Fused Neural Network Layer Architectures

FIG. 4 illustrates a process 400 for executing a fused neural network layer in accordance with some embodiments described herein. Process 400 may begin with a GPU running a fused neural network layer (e.g., fused layer 208 in FIG. 2) (step 402). The fused layer can combine multiple internal layer operations, such as a convolution, an activation, and/or a normalization operation, into a combined computation step, wherein the combined computation step can then be executed within a single GPU kernel. By fusing these internal layer operations together, the fused layer can reduce overhead due to global memory access, and can improve performance compared to executing each internal layer as a separate GPU kernel.

The fused layer may allocate at least a first tile within the GPU shared memory for a first input tensor (step 404). In some embodiments, the fused layer system 200 may select the size of the tile to maximize the utilization of the shared memory, while ensuring that each thread block can allocate the one or more tiles that are needed by the fused layer to perform the associated computations efficiently.

Next, the fused layer can determine the number of tile-processing iterations needed to traverse the first input tensor across its dimensions (step 406). In some embodiments, the number of tile-processing iterations is calculated based on the size of the input tensor, and the size of the allocated tile. For example, if the input tensor has dimensions {512, 256, 32} and the tile size has dimensions {8, 16, 32}, then the number of required tile-processing iterations would be {64, 16, 1}. In some alternative embodiments, such as when aggregating values onto a target tensor, the number of tile-processing iterations may be calculated based on the size of the output tensor.

After determining the number of tile-processing iterations, the fused layer can configure the set of GPU thread blocks to collectively perform the tile-processing iterations. More specifically, a respective GPU thread block in the set of GPU thread blocks can perform a sequence of steps 410-420 for at least a subset of the tile-processing iterations, in parallel to the tile-processing iterations performed by the other GPU thread blocks (step 408). For the respective GPU thread block executing the fused layer, the respective GPU thread block can select a unique tile-processing iteration that no other thread block will select (step 410). This can be achieved by configuring the respective thread block to stride across the total number of tile-processing iterations by the number of available blocks, with individual thread blocks starting at their unique block identifiers. For instance, if there are 256 tile-processing iterations and 64 thread blocks, the respective thread block can execute 4 tile-processing iterations selected based on its unique block ID (e.g., GPU thread block 0 can execute iterations 0, 64, 128, and 192; GPU thread block 1 can execute iterations 1, 65, 129, and 193; GPU thread block 2 can execute iterations 2, 66, 130, and 194, etc.).

The GPU thread block may then determine whether the selected tile-processing iteration is within the valid range of iterations (step 412). If not, the GPU thread block can exit the loop, or alternatively wait for the other thread blocks to complete their iterations. Otherwise, the GPU thread block can proceed from step 412 to load the first tile from the portion of the first input tensor corresponding to its current tile-processing iteration (step 414).

After the tile data have been loaded into shared memory, the thread block can execute the first internal layer operation of the fused layer (step 416).

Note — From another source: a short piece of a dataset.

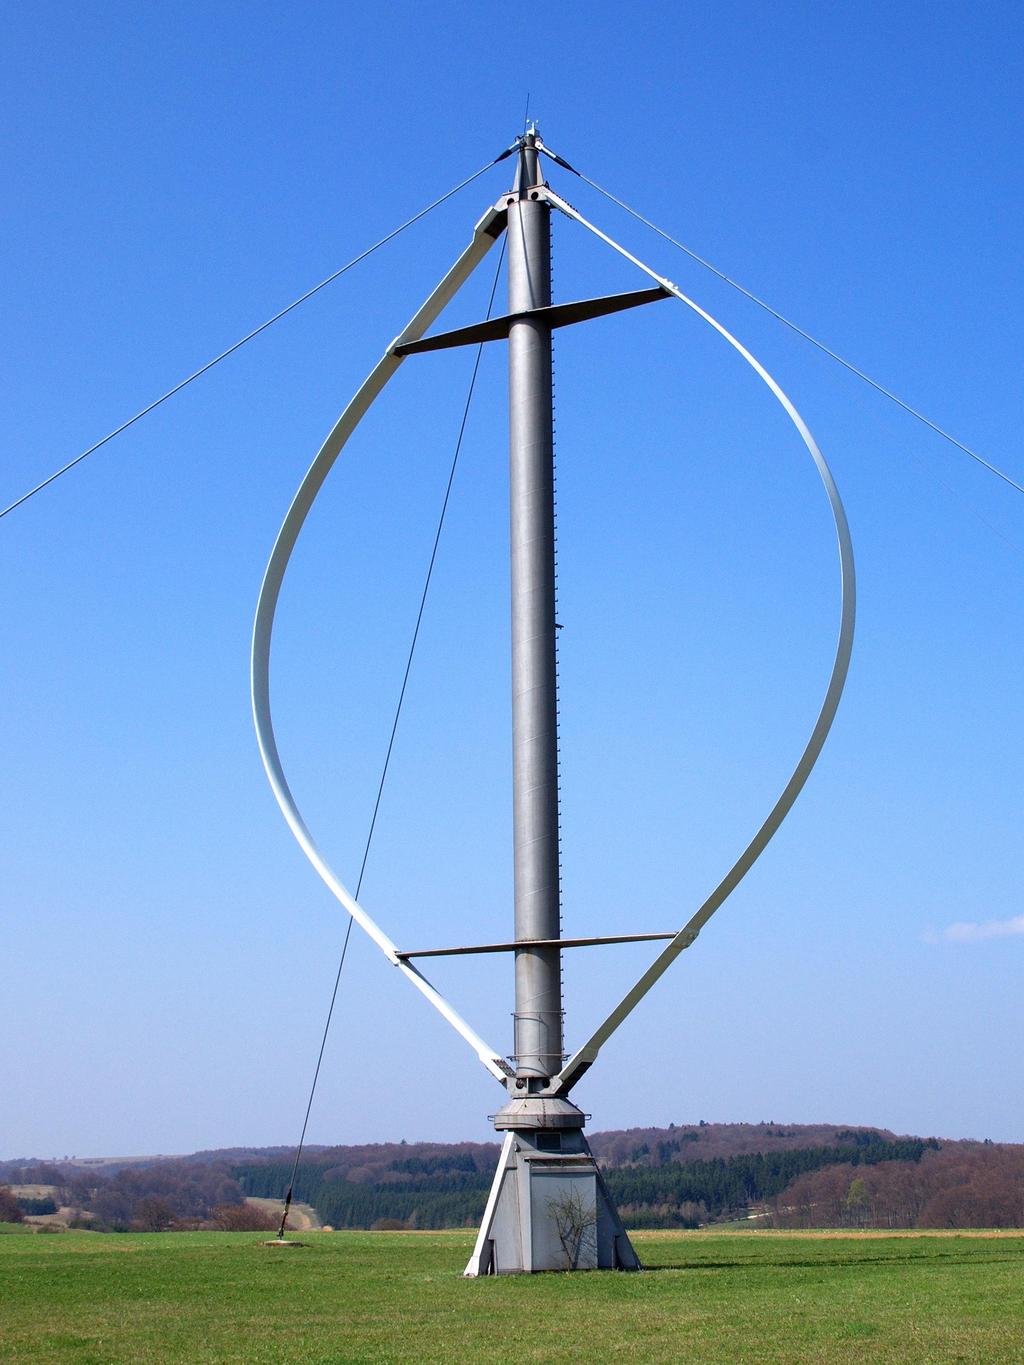 3: Torre eólica com aerogerador de eixo vertical do tipo Darrieus.
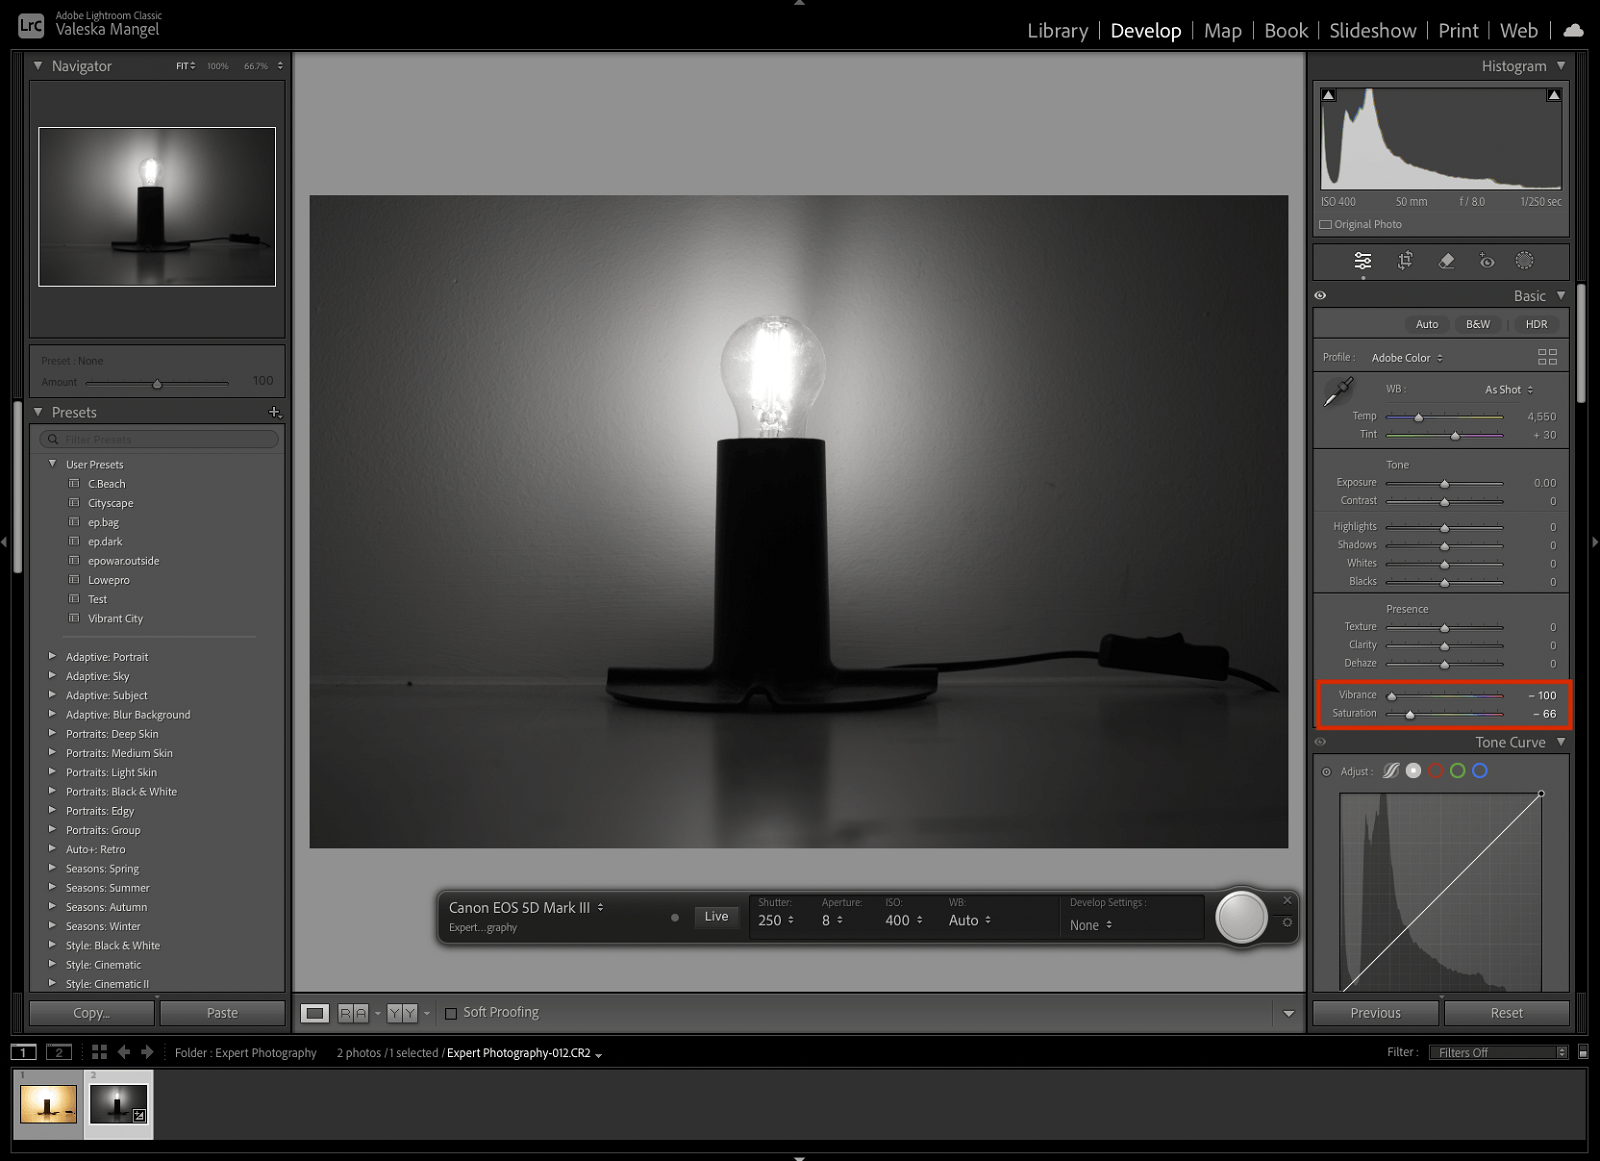 screenshot of lightroom tethered capture adjusting an image during shoot

This internal layer can use at least the first tile as input, and may store its output either by updating the first tile directly or by writing its output to a separate intermediate tile. The specific behavior of the internal layer depends on the type of layer operation and the overall structure of the fused layer.

After completing the first internal layer operation, the thread block can proceed to execute the second internal layer operation (step 418). This internal layer operation may use at least the output of the first internal layer as input (e.g., the updated first tile or the intermediate tile, depending on the dataflow of the fused layer). Similar to the first internal layer, the second internal layer can store its output by either updating an existing tile or writing its output to a new output tile.

The fused layer can also implement additional internal layer operations as needed, depending on the complexity of the fused layer. A respective internal layer can use one or more tiles as input, and can produce one or more tiles as output, with intermediate tiles serving as a way to pass data between internal layers without accessing GPU global memory.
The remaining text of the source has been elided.